# Rudy Gay Graces the Front Page of an ESPN Article!!



## AllRim (Jun 19, 2012)

........For being a ball hog.......

http://insider.espn.go.com/nba/story/_/id/10052149/biggest-ballhogs-league



> Don't expect to see the ball back if you pass it to Toronto's Rudy Gay or New York's Carmelo Anthony.
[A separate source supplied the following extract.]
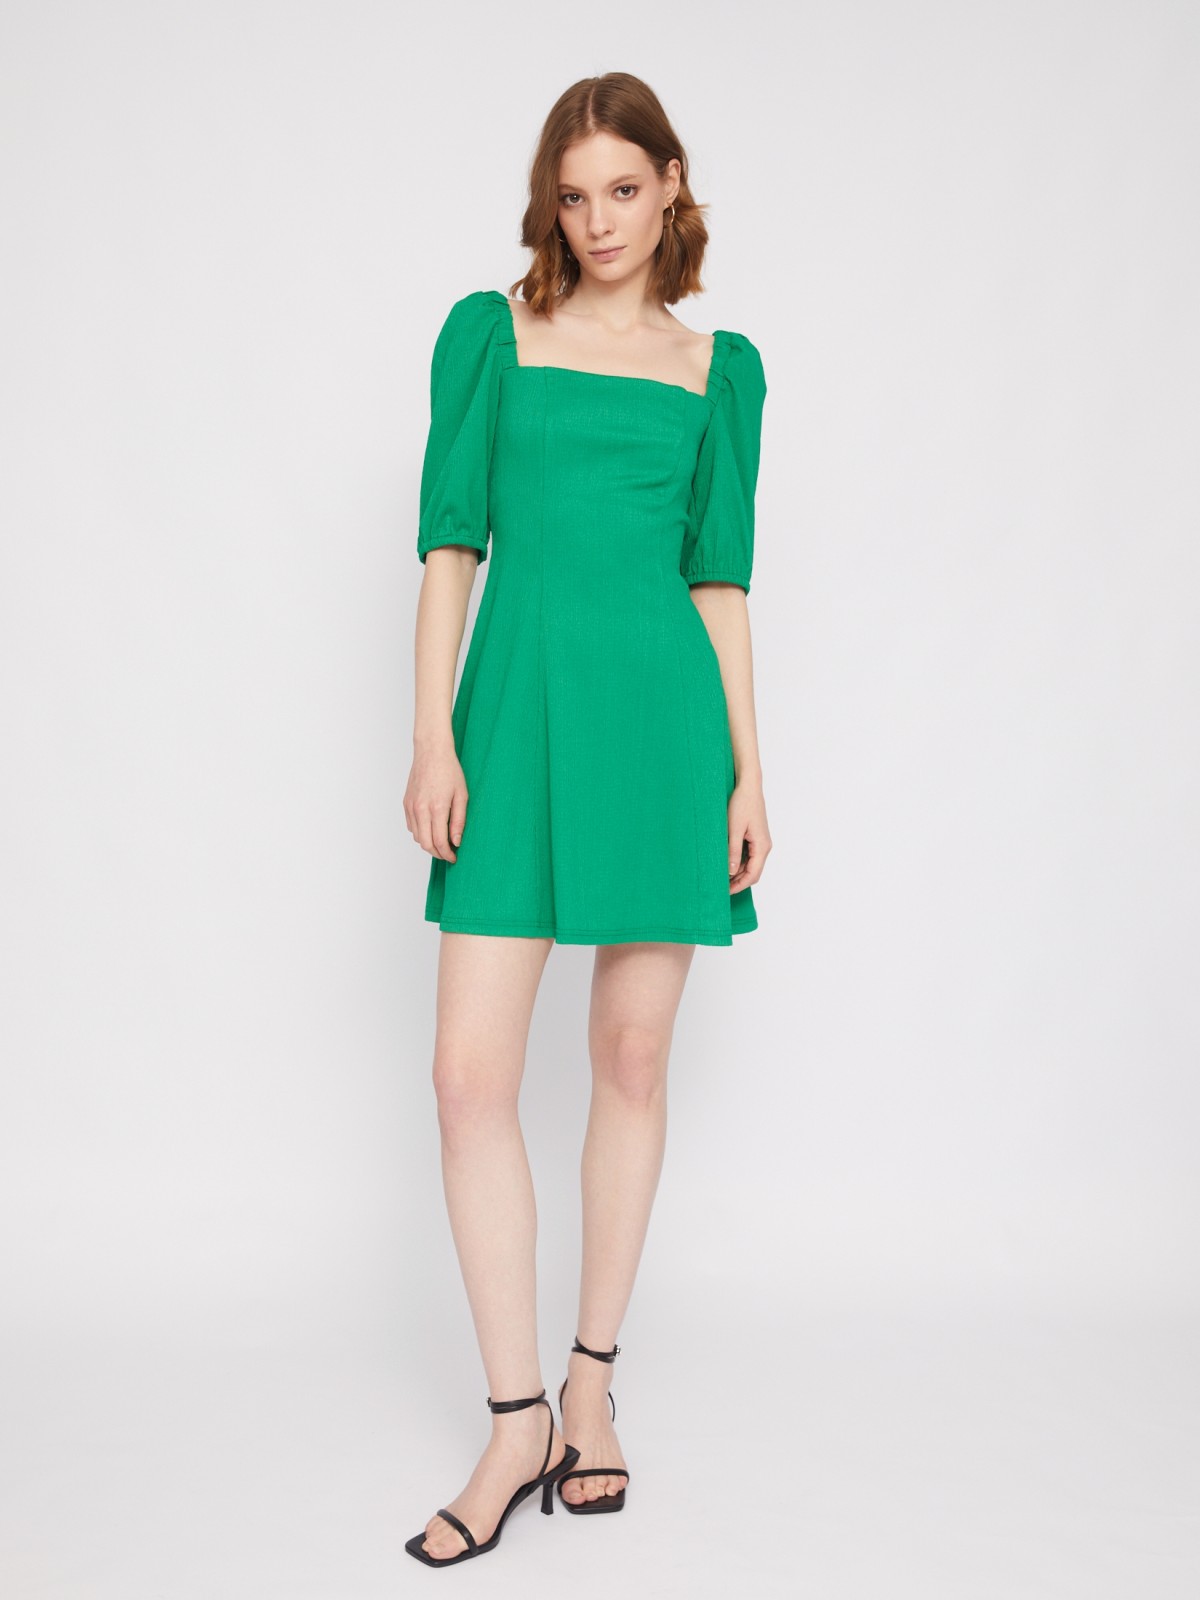 Платье мини с вырезом и коротким рукавом фонарик zolla 024228162053, цвет зеленый, размер S

Should have taken those expirings we were offered for him last season...


----------



## speedythief (Jul 16, 2003)

Rudy Gay bans ESPN from Raptors locker room


----------



## ozzzymandius (Jun 9, 2003)

He and Casey will be gone soon enough ;-)


----------



## jayk009 (Aug 6, 2003)

Rudy Gay has been a huge dissapointment to me...Seems like when he hit the buzzer beater against the spurs a few years back he was on the verge of being a superstar...then he got some nagging injuries and he was never the same again...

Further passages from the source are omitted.